Task to carry out: The output should hold exactly, and only, the lines from the line bearing "Модель піраміди" through the last line of the listing below, and no pictures.

Recorded information:
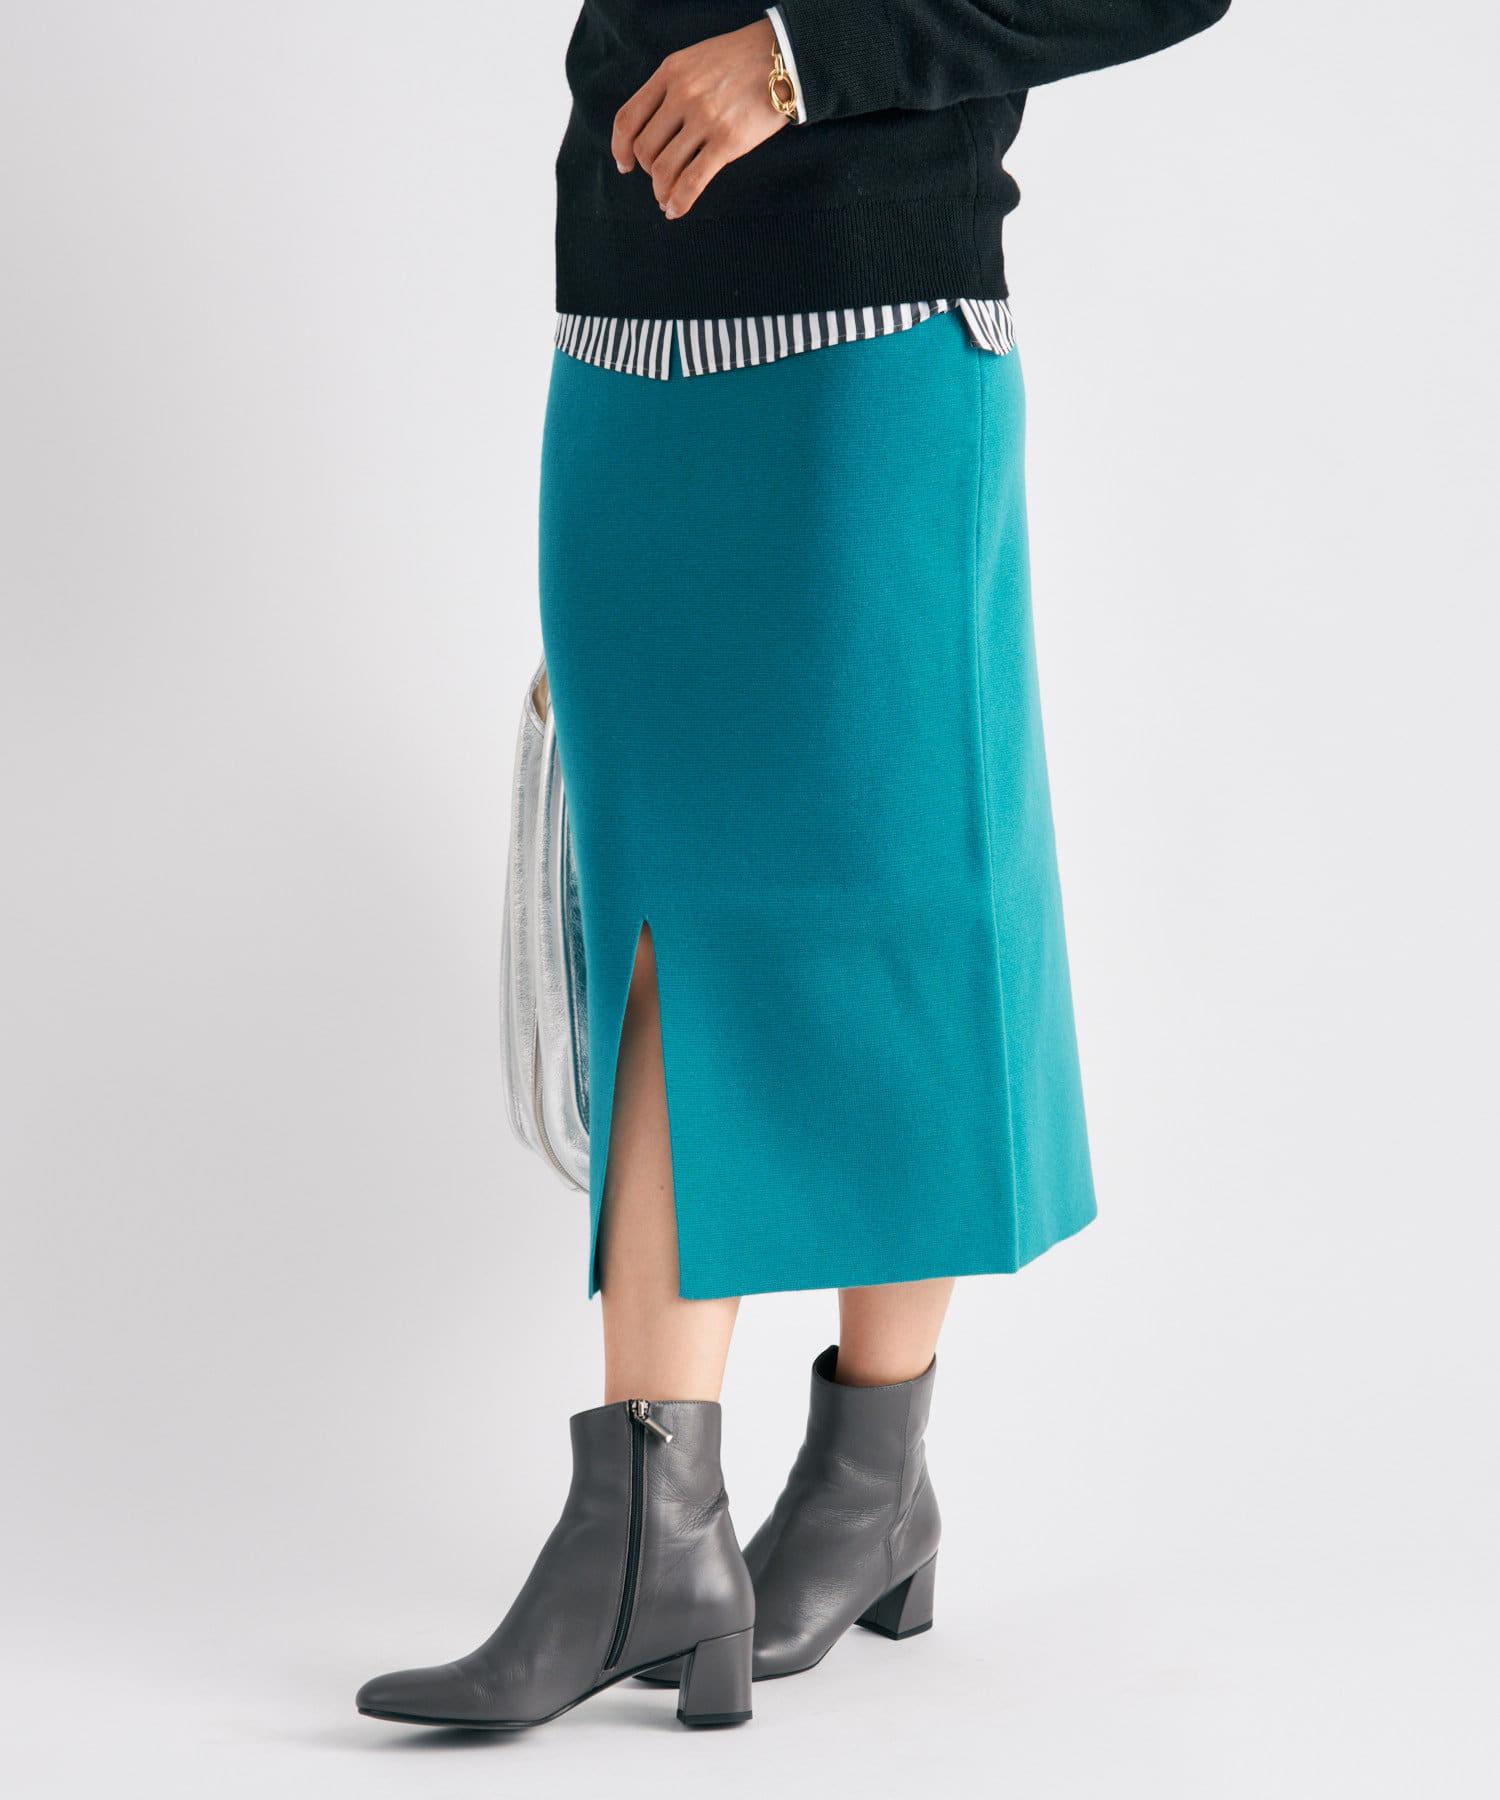 La boutique BonBon(ラブティックボンボン) 《予約》【前スリットでヘルシーな肌見せ・手洗い可】ミラノリブナロースカート
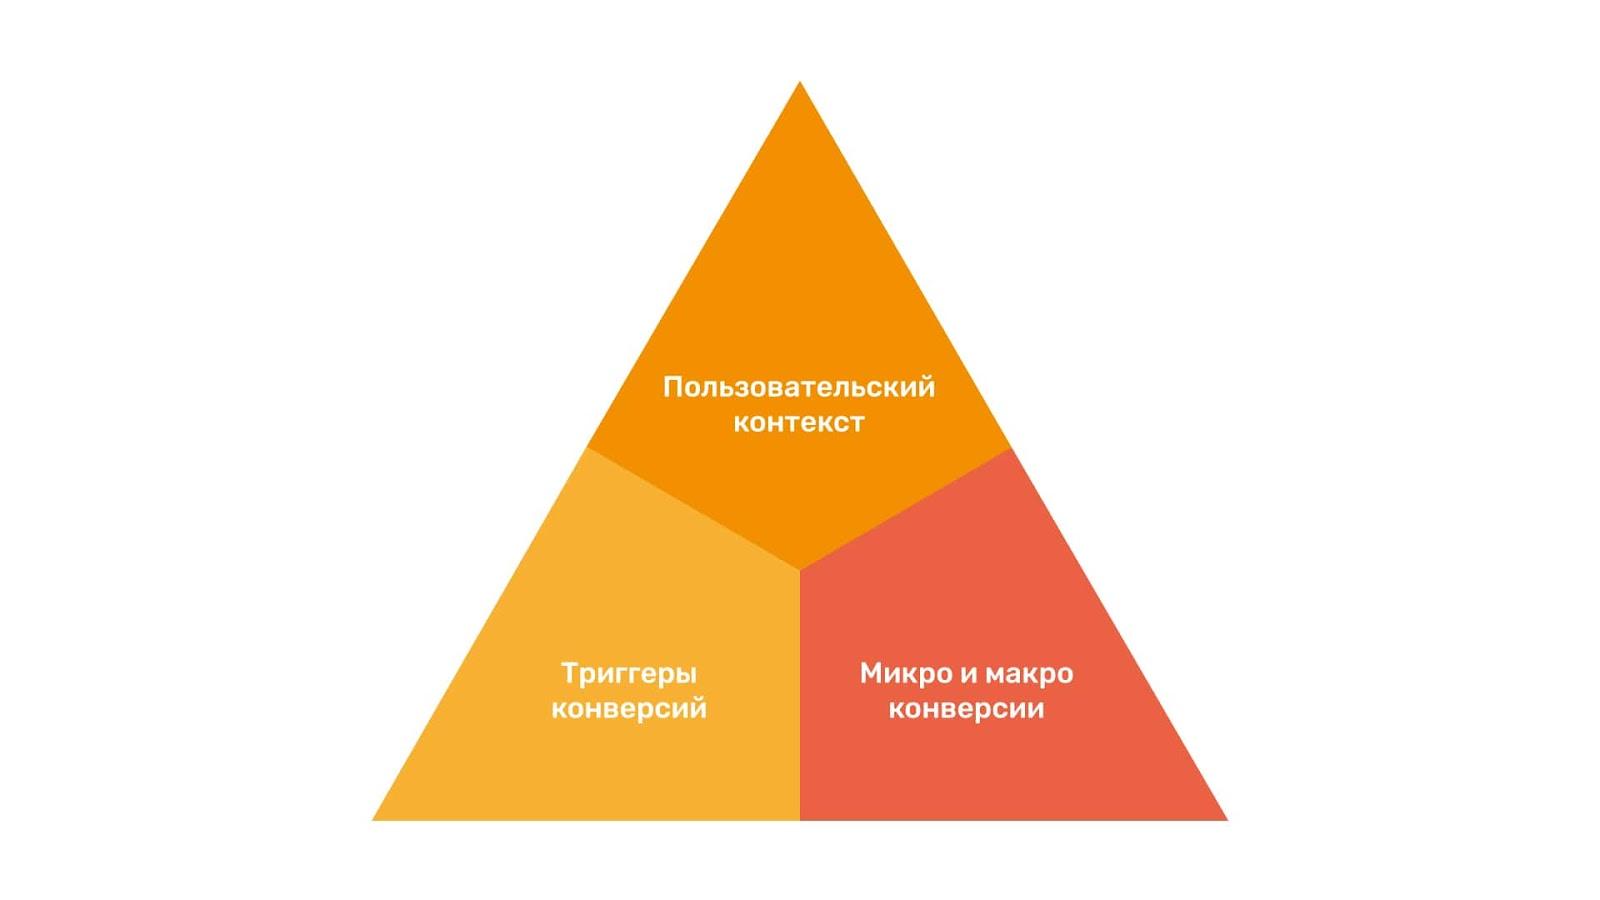 Модель піраміди
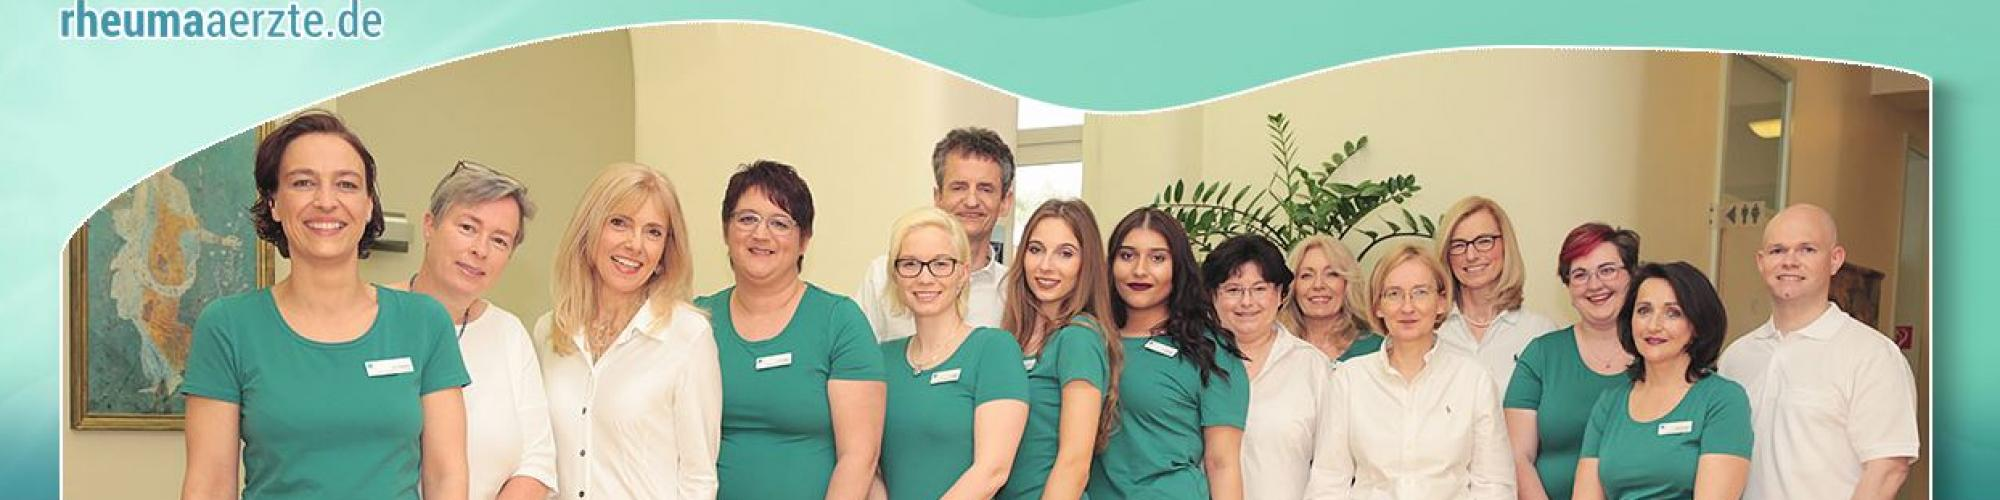 Rheumaärzte GmbH MVZ für ambulante Rheumatologie
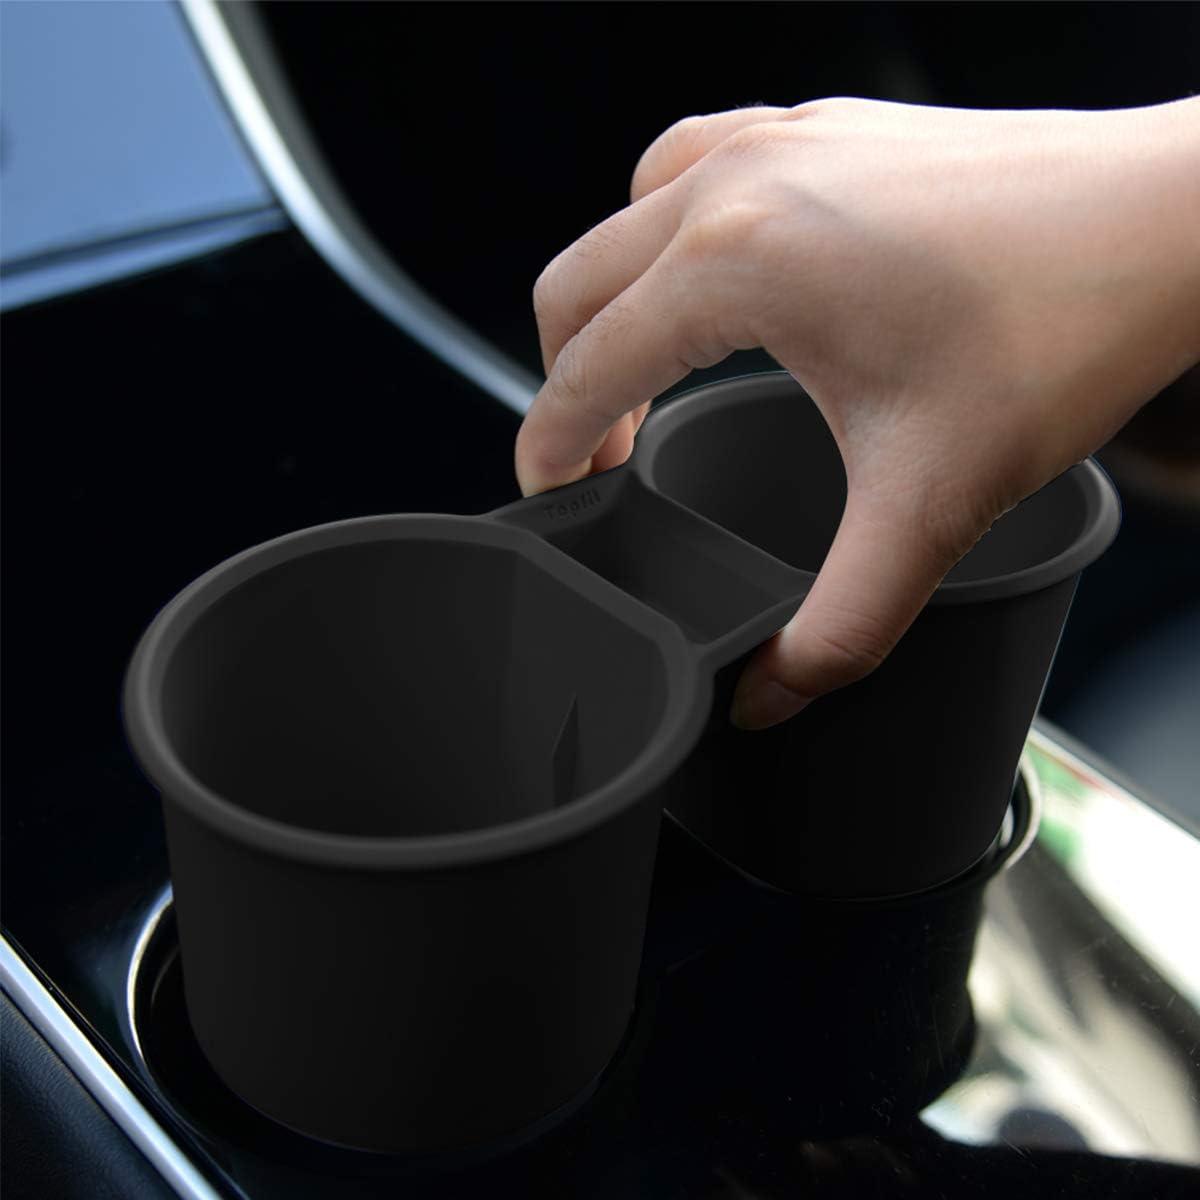 Topfit Model 3 Mittelkonsole Silikon Becherhalter Wasser Becherhalter Flaschenst/änder einsetzen Innenvordersitzbecher Organizer Zubeh/ör f/ür Model 3

Reply:
 Модель піраміди
 Rheumaärzte GmbH MVZ für ambulante Rheumatologie
 Topfit Model 3 Mittelkonsole Silikon Becherhalter Wasser Becherhalter Flaschenst/änder einsetzen Innenvordersitzbecher Organizer Zubeh/ör f/ür Model 3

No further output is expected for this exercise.